Umunmya barang dan jasa yang ingin diperoleh dari luar negeri adalah barang dan jasa yang bertujuan menyerap produksi luar negeri. Dengan demikian pinjaman luar negeri tidak lain adalah upaya untuk menyerap kelebihan barang dan jasa di luar negeri. Ini bererati kita ( negara sedang berkembang) berperan menggerakkan ekonomi negara pemberi pinjaman. Pinjaman ini akan dibayar oleh generasi mendatang.
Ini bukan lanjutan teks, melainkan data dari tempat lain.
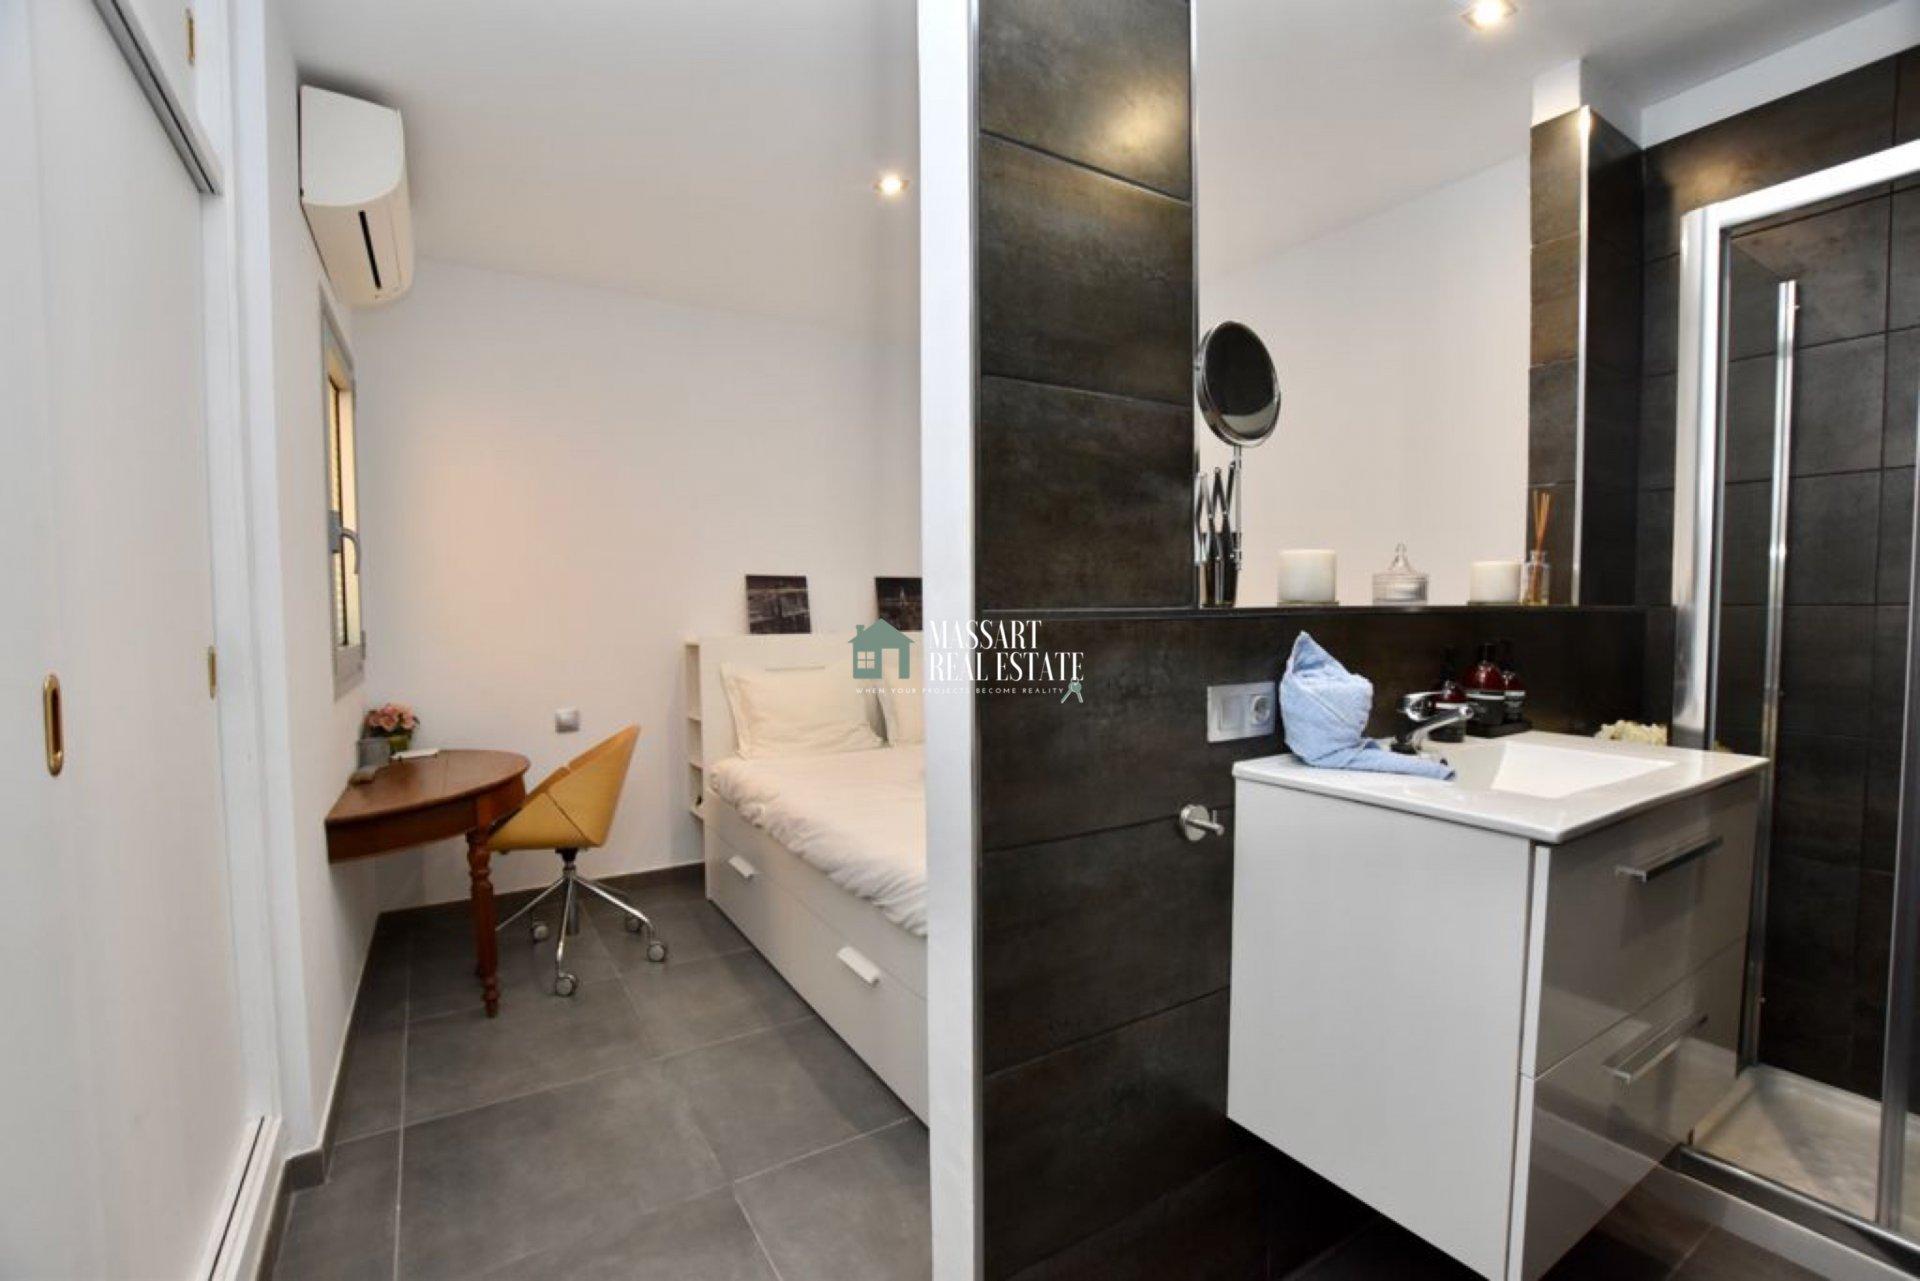 Lussuoso appartamento climatizzato con tutti i comfort di cui hai bisogno situato nella bellissima città costiera di Alcalá… molto vicino alla spiaggia!

Pinjaman luar negeri bermanfaat jika benar-benar meningkatkan kapasitas produksi negara penghutang, tetapi jika pinjaman itu dipicu oleh sikap konsumtif, maka konsumsi itu akan dibayar generasi mendatang. Dengan demikian, harus dilihat apakah pinjaman luar negeri disebabkan oleh konsumerisme berlebihan di dalam negeri, atau ada hubungannya dengan investasi produktif. 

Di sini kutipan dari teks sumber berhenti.